What needs to be done - What you return should be only the lines in the entries below between the one holding "Hand-Held 2 9GHz" and the one holding "Lululemon Cardio Cross", ends included, with every picture left out.

Provided entries -
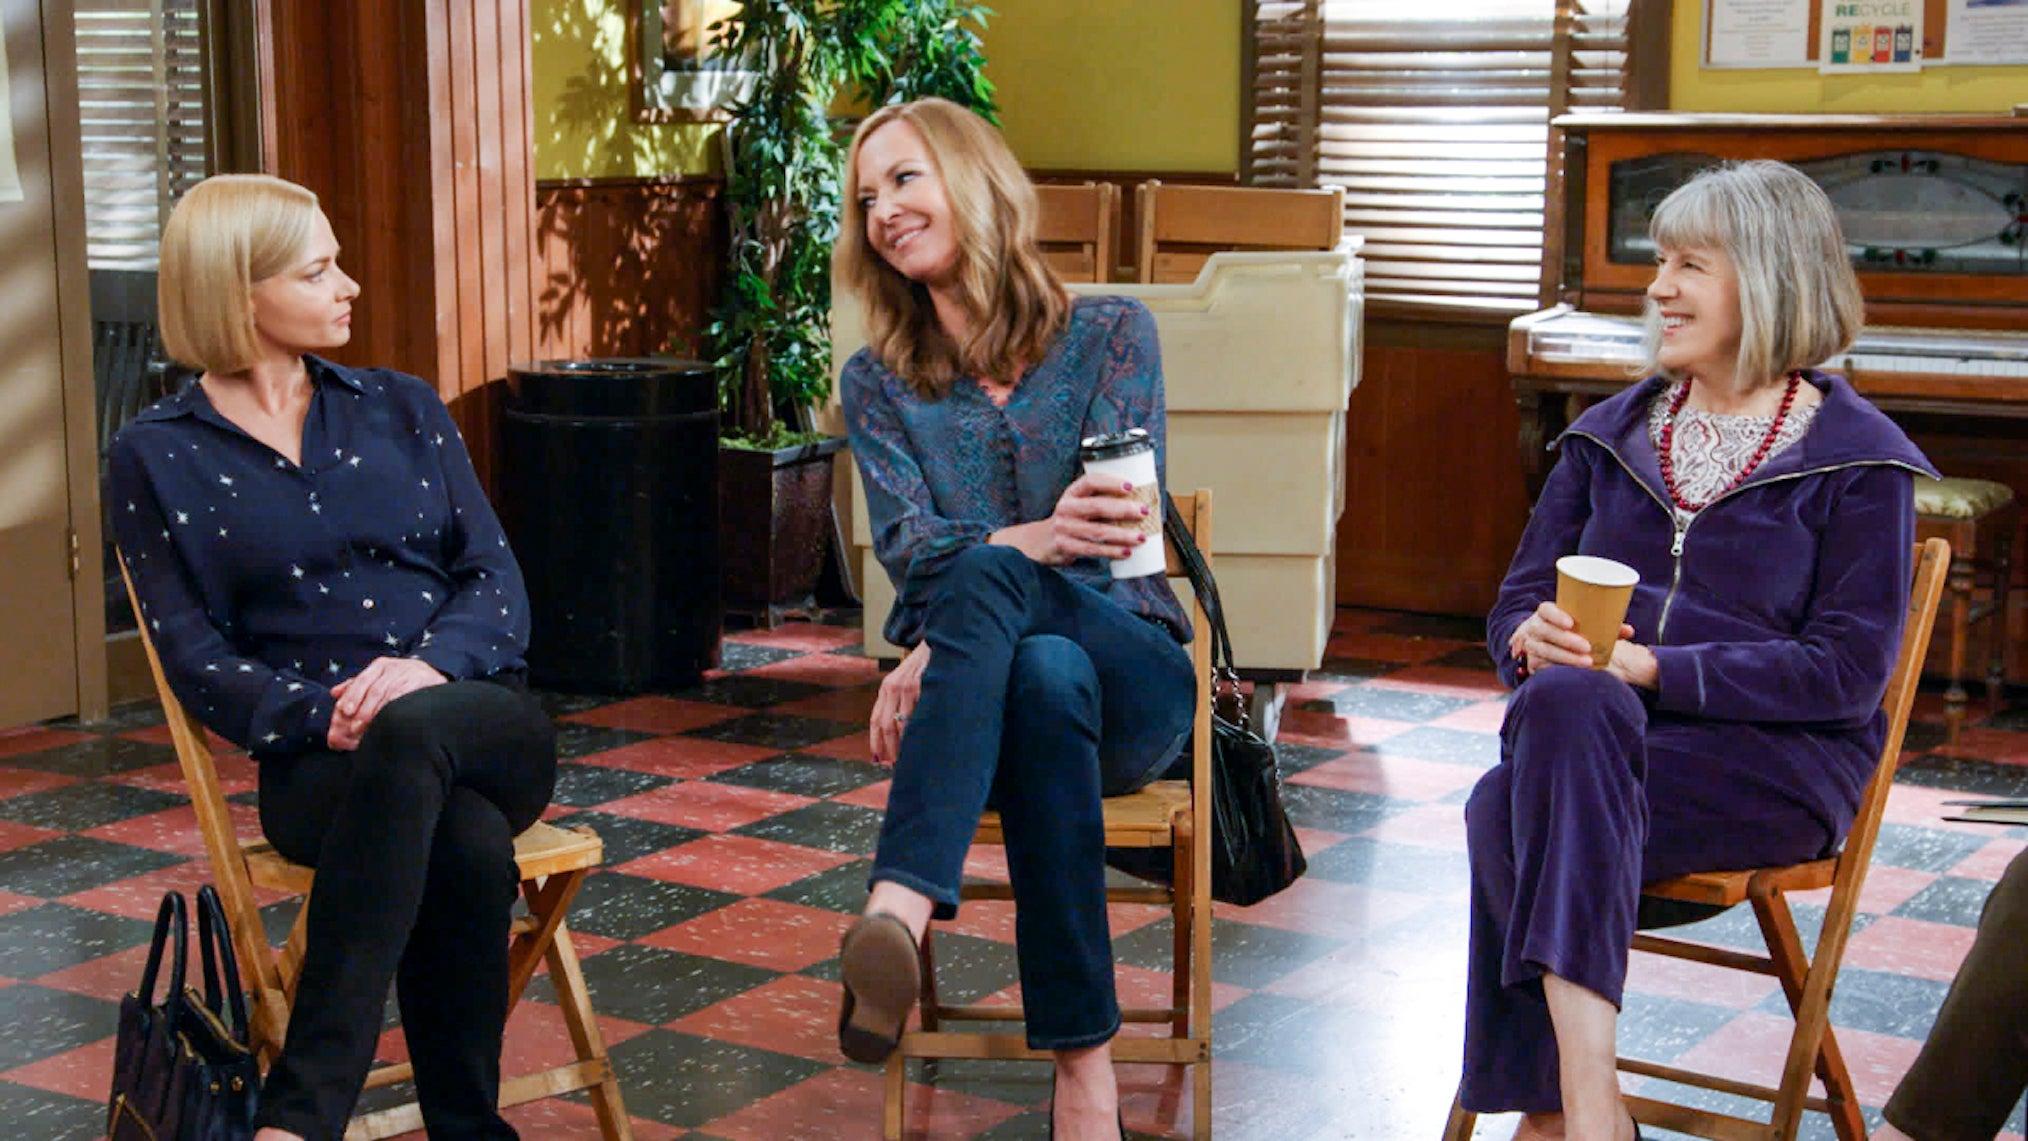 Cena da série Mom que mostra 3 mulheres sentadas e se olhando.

==

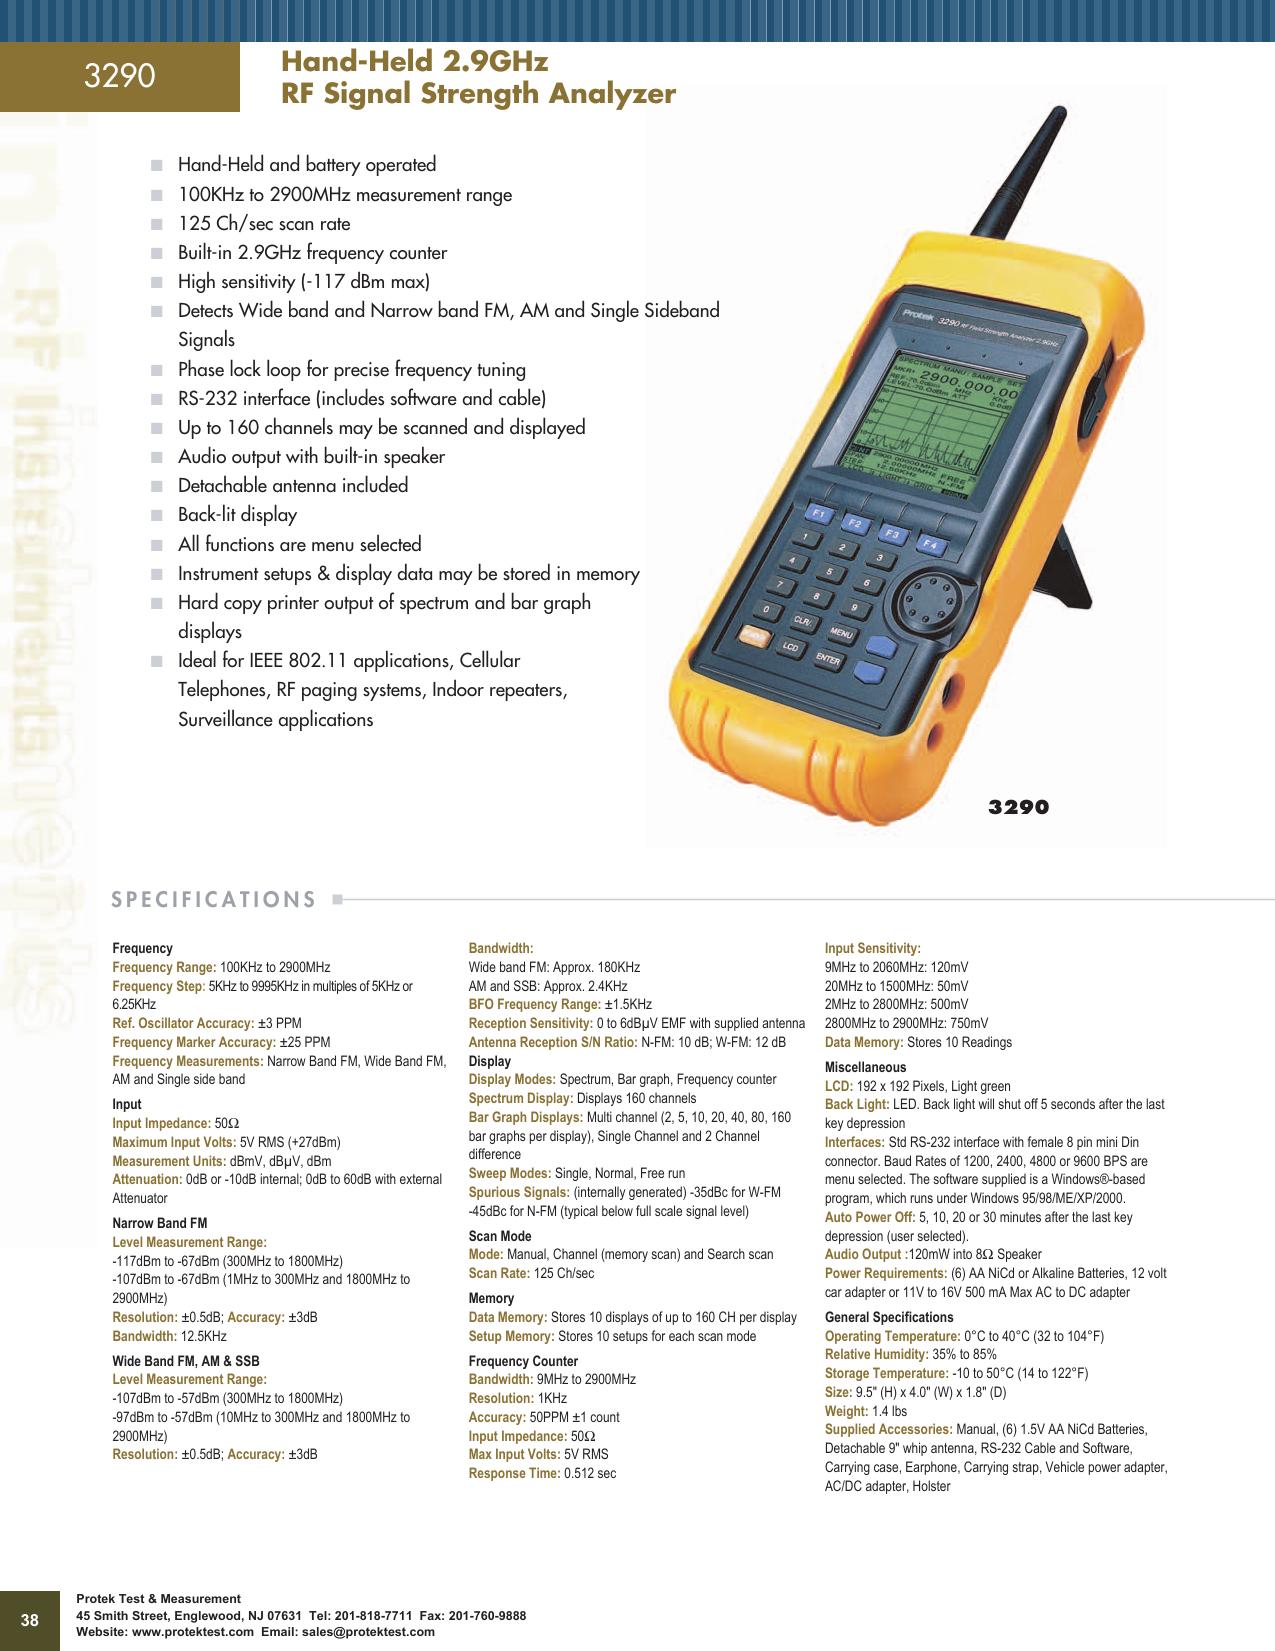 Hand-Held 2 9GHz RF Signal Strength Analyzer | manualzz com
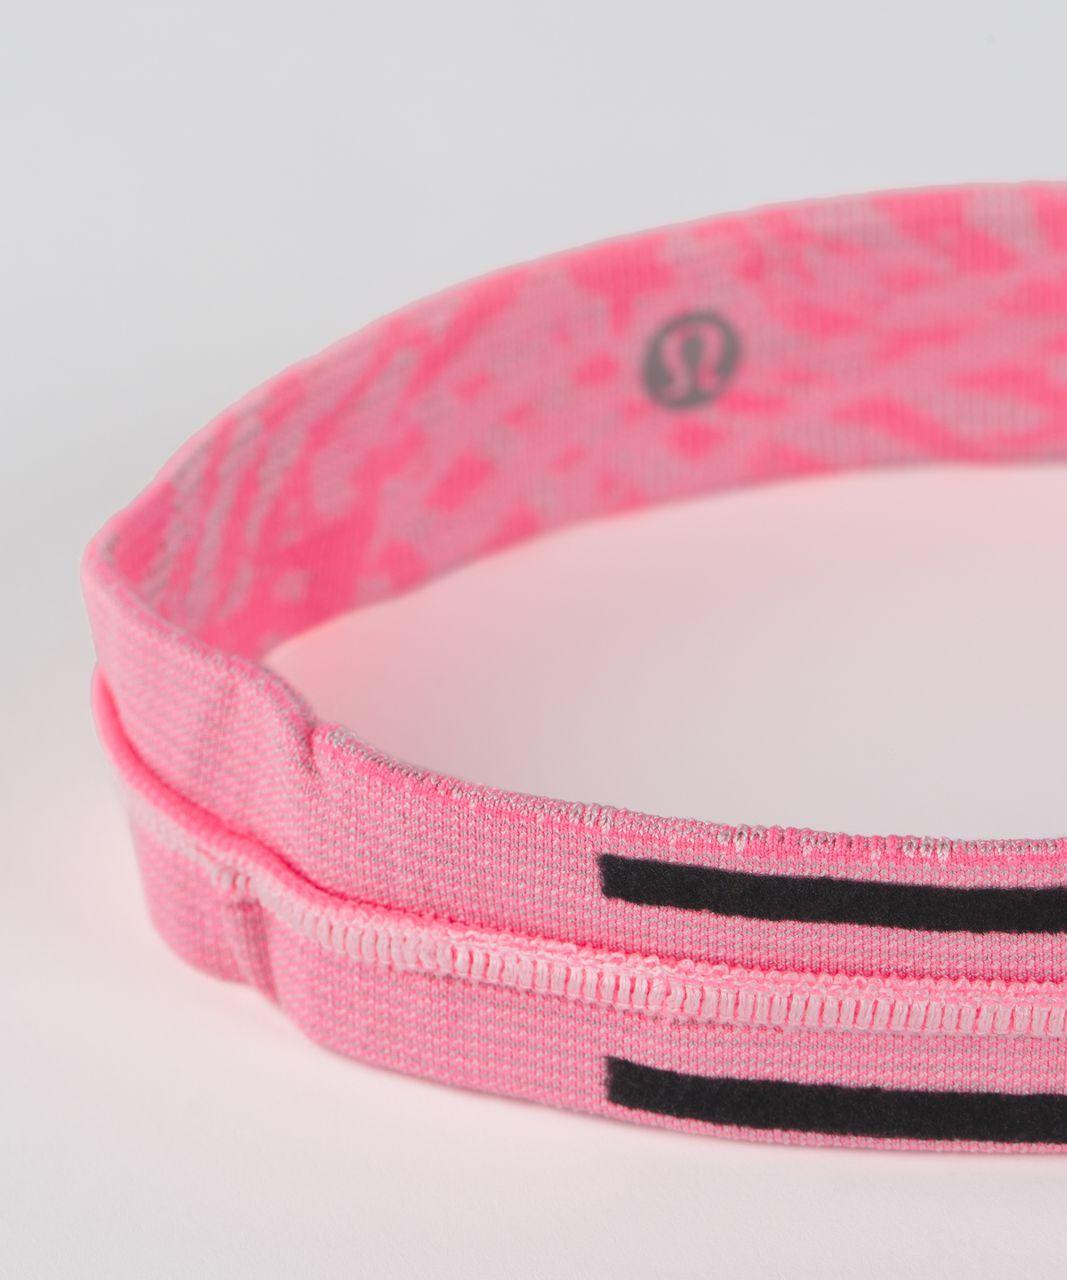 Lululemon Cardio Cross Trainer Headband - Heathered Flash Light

* * *

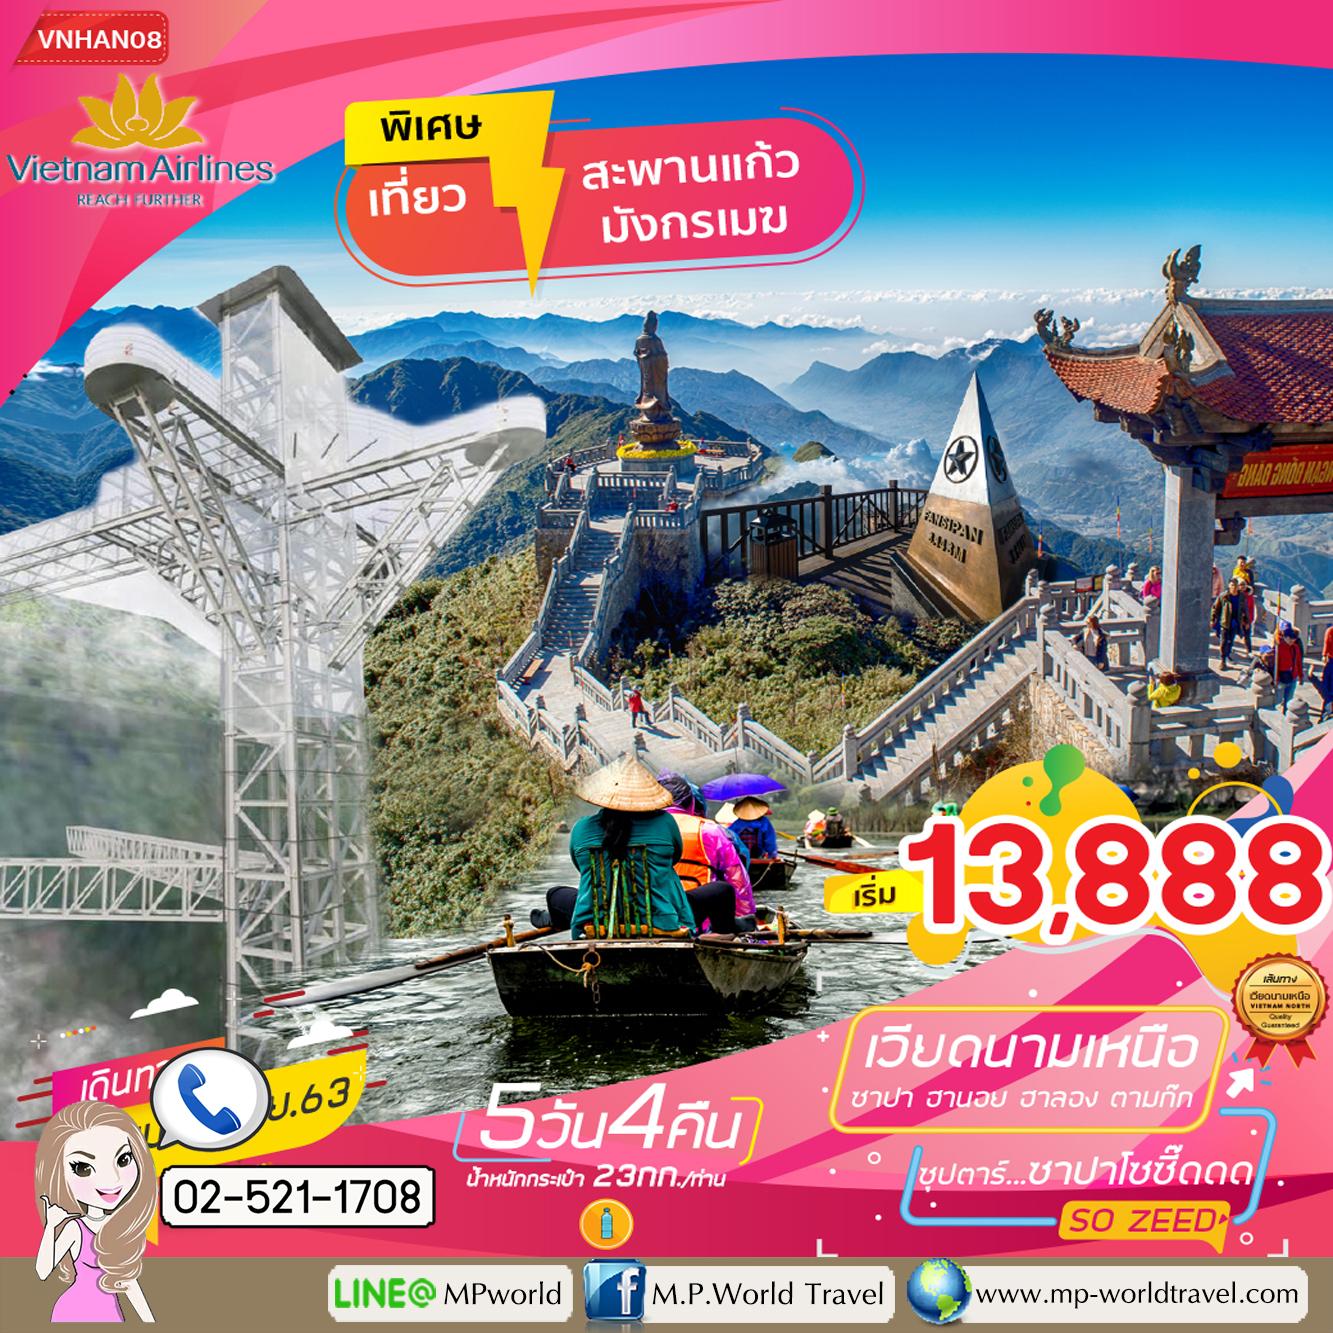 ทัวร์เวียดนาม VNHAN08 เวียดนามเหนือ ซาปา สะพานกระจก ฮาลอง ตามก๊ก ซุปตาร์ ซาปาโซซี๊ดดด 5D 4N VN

Output of the exercise -
 Hand-Held 2 9GHz RF Signal Strength Analyzer | manualzz com
 Lululemon Cardio Cross Trainer Headband - Heathered Flash Light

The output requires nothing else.